This is a new mini I just finished painting this past week. So a bit of backstory. I had bought this figure way, way back (as I did with most minis) as part of a Warhammer Fantasy Dark Elf command group, because I liked the leader (who had a big two handed axe and was holding a severed head). As part of the command group I also got a standard bearer and musician. The musician sat unused in my “to paint” box for years, until recently I noticed him when re-organizing.
As you might have seen in the upcoming v2.6 rules, there is a new weapon added called the War Horn. This is a 1A-3D range weapon with the “Motivate” special ability (basically lifesteal). So for once a mini with a musical instrument was useful (outside of being a Bard in D&D).
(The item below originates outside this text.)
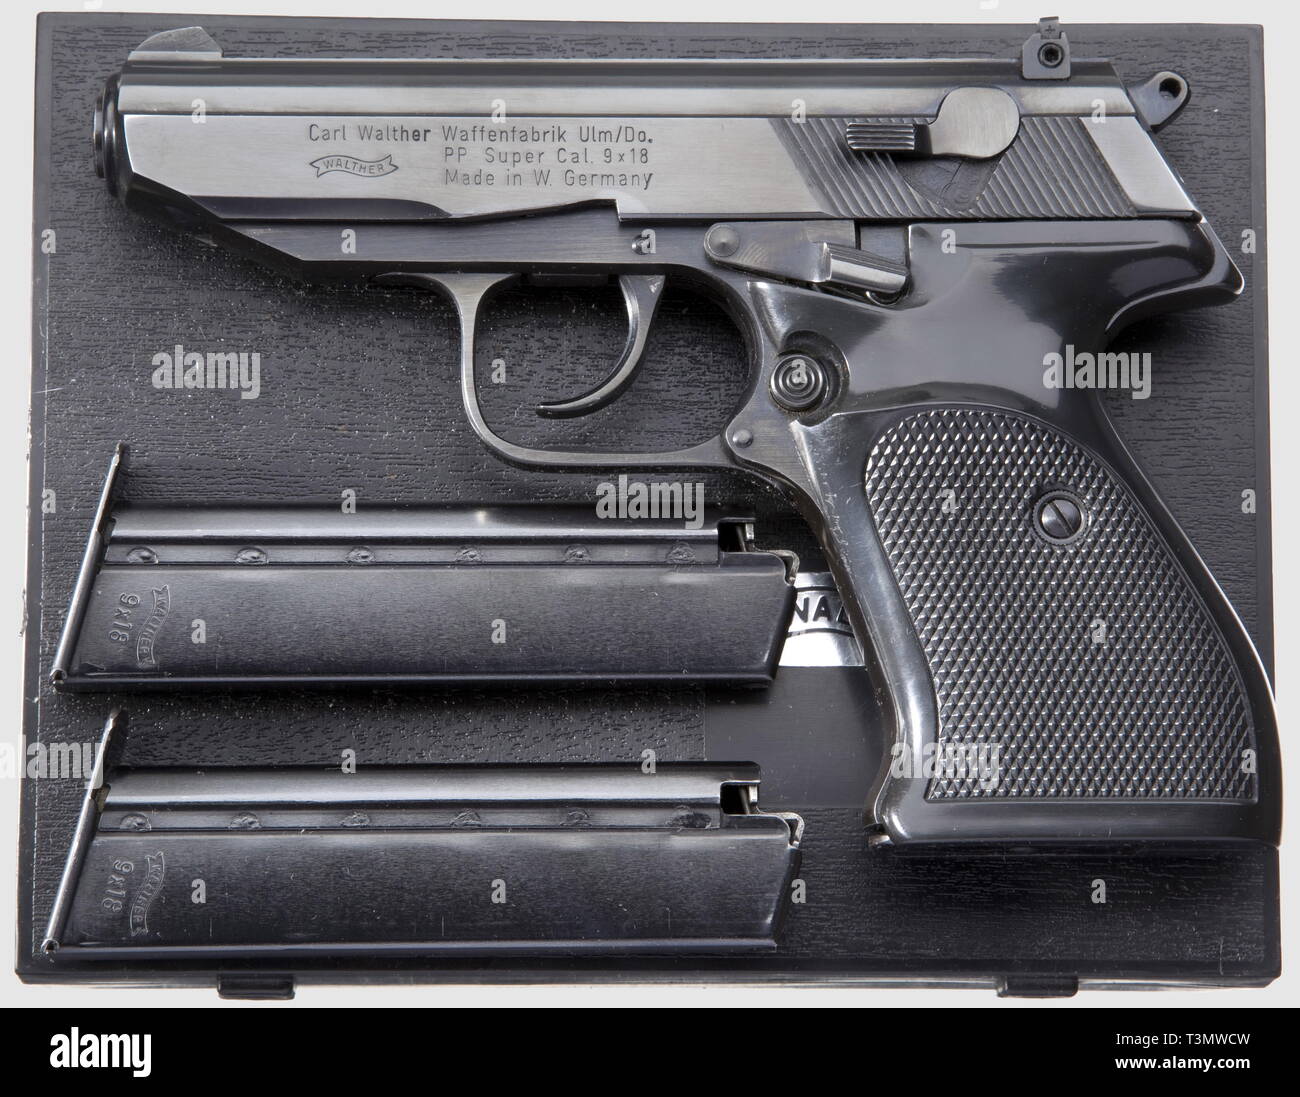 Pistole, Remington Nuovo Modello Single-Action cinghia, calibro .36, con due riviste, Germania, Additional-Rights-Clearance-Info-Not-Available Foto Stock

The downside was, being Warhammer Fantasy, this mini had a sword. But I easily converted that by chopping off his hand and using an autopistol from my Necromunda parts. The best part is this particular Dark Elf mini is meant to have a reptile skin as a cloak, which is a perfect dinosaur looking skin.
As you can see the arm conversion turned out quite well, I think. For the paint scheme I went with a traditional dinosaur skin color of green. When it comes to painting I generally do a few washes but very little drybrushing. Those are both painting techniques, with “washing” meaning adding water to a darker color and painting it on, and the watered down paint creeps into all the recesses and crevices of the mini. Drybrushing is using a lighter color than what you’re painting onto, wiping off almost all the paint from the brush, and then lightly stroking the brush over the top to pick out the raised areas. Basically think of washing as adding shadows, and drybrushing as adding highlights.
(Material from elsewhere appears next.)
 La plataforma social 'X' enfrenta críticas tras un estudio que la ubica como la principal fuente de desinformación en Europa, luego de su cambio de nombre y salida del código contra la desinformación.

Anyway I normally prefer rich, basic colors instead of the style of drybrushing. However the dinosaur cloak for this mini was the perfect use case for both techniques, as the scales had lots of recesses between them, and I could also pick out the edges with some drybrushing. So I did a green base, then washed with a teal color, then drybrushed some bright green over that. In the end the cloak looks nice and realistic.
Otherwise a simple reddish pink and gold scheme, with the horn being a natural bone color, and the gun (for once) not having steel/metal coloring and instead just being wood and black. I opted to paint the helmet visor pure black instead of a flesh tone because I find it more menacing to look like a completely shadowed face (think of a cheesy 1990s cartoon villain).
All in all I’m happy with the result.